I have a prediction model that outputs a probability that the result of an invasive test alters management, using predictors that are easily obtainable before a decision to perform the invasive test is made. Most of the predictor variables are continuous and I have included them as four knot restricted cubic splines. The model calibrates extremely well on bootstrapped internal validation. After external validation, I intend to provide the model as an online calculator.
I want to be able to warn users when the inputted data are at the extremes of the parameter space, i.e. when the particular combination of inputted parameters was extremely rare or never seen in the derivation set.

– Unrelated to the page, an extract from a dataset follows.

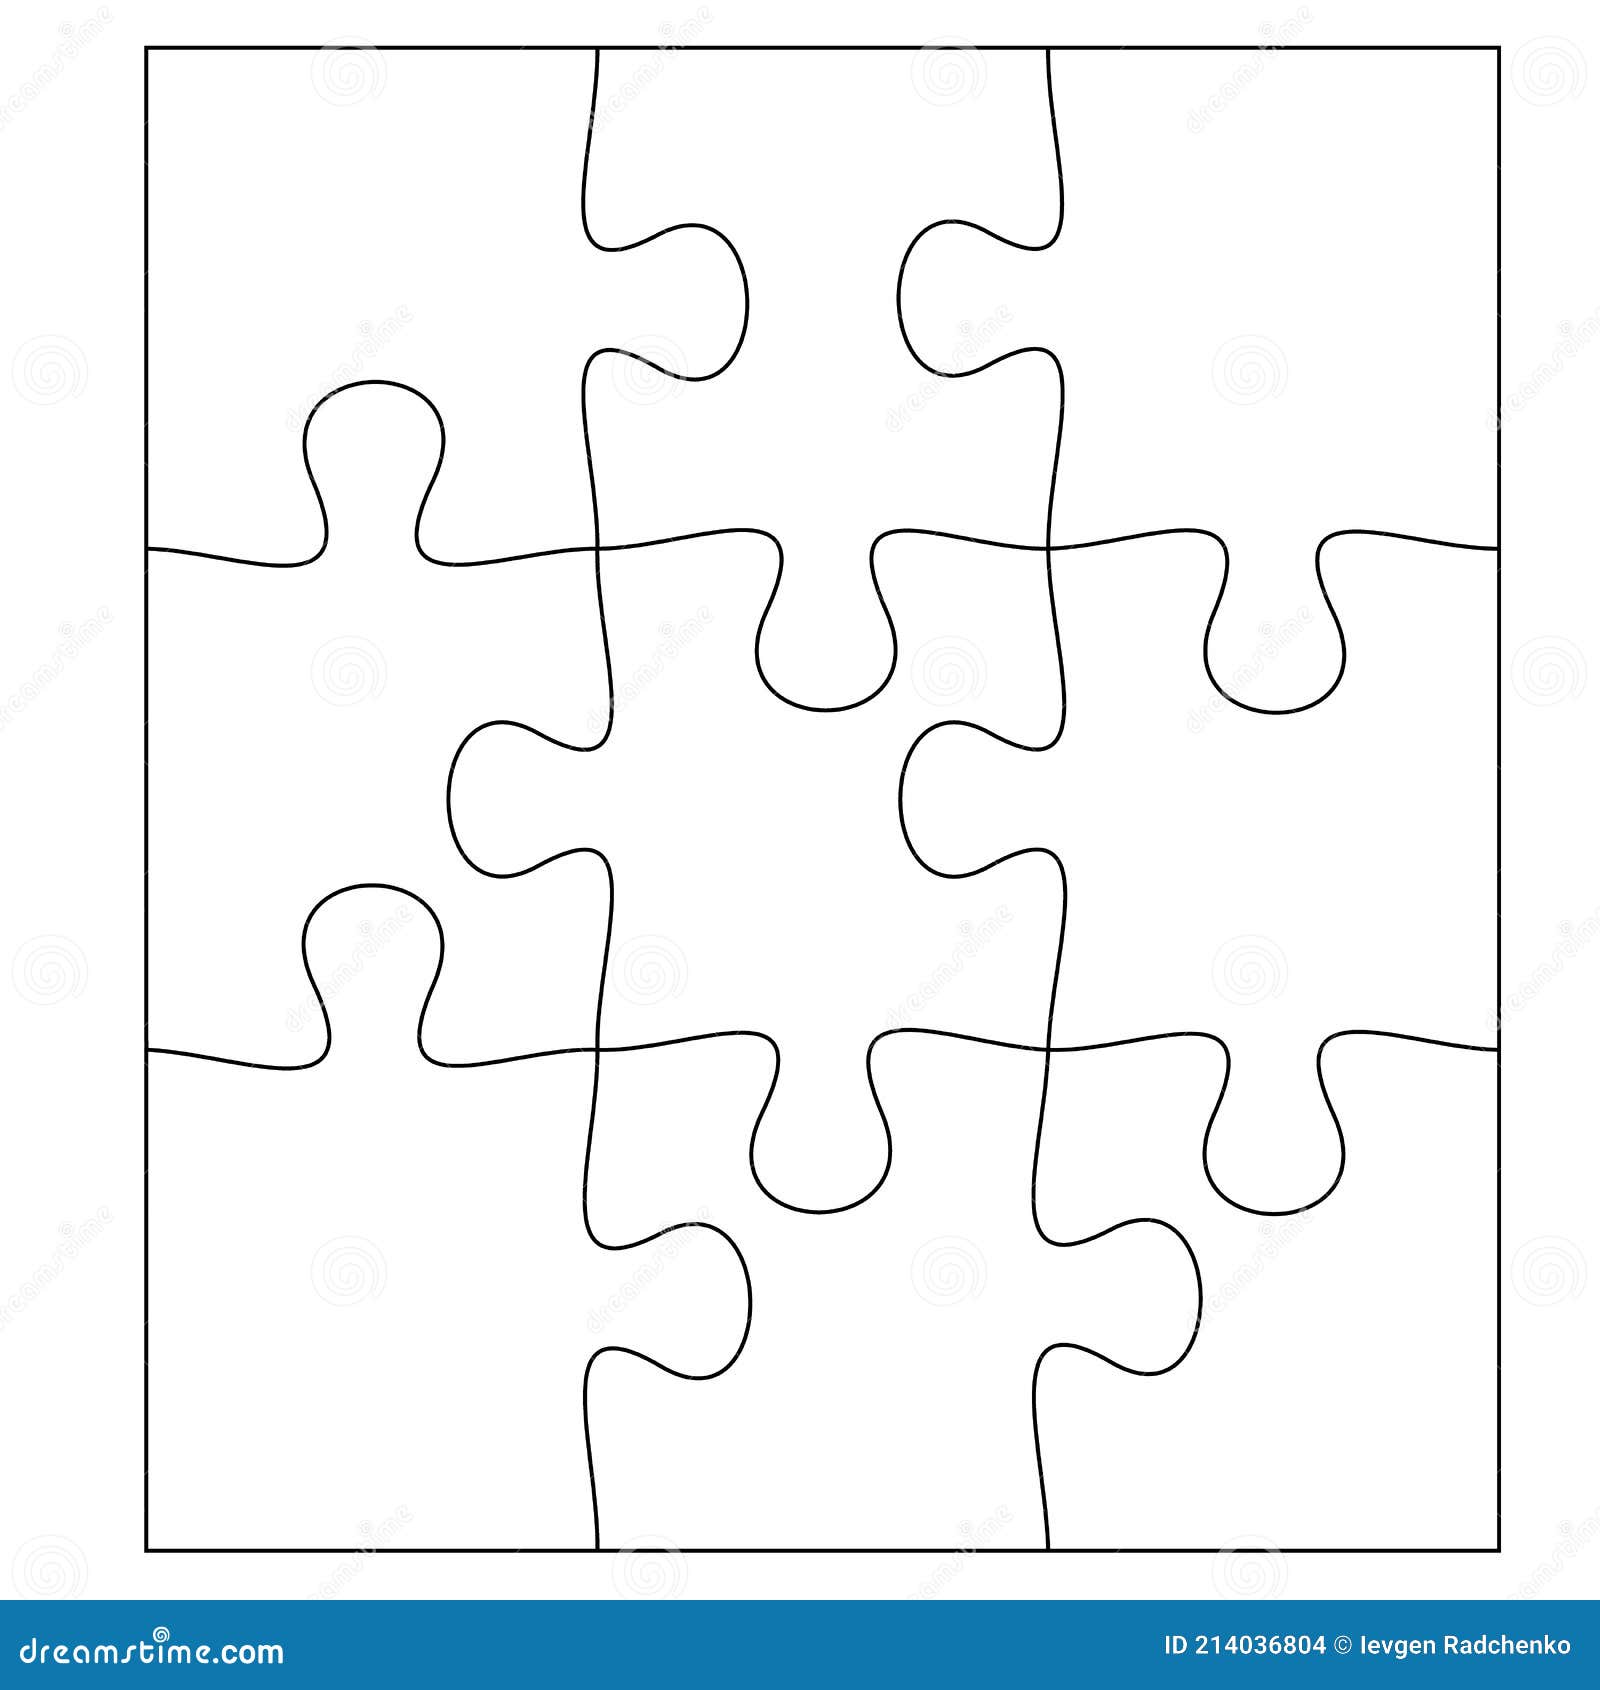 Blank Jigsaw Puzzle 9 pieces. Simple line art style for printing and web.  Stock vector illustration Stock Vector by ©JeksonJS 459092936

The easiest solution is to warn the user when individual predictors are at the extremes of the range in the derivation and validation datasets. This is in fact already implemented. But this does nothing for the problem of unusual combinations. One way is to provide the confidence interval of the predicted probability for the combination, which tends to be wide for unusual combinations, but I fear that clinicians will interpret the confidence intervals incorrectly and that this confusion will lead to wrong decisions, on average, given the result. Next I thought I could write a script that checks how many individuals in the derivation set had predictor values within a certain range of the inputted values, and the calculator could provide a statement such as: “Warning: ≤1% of individuals in the derivation set had a combination of values similar to those that were inputted”. However, I don’t like this approach both because the chosen range would always be arbitrary, and there is really nothing to say that a rare combination would result in invalid inference.
Is this a problem other groups have tackled and if so, what solutions were found?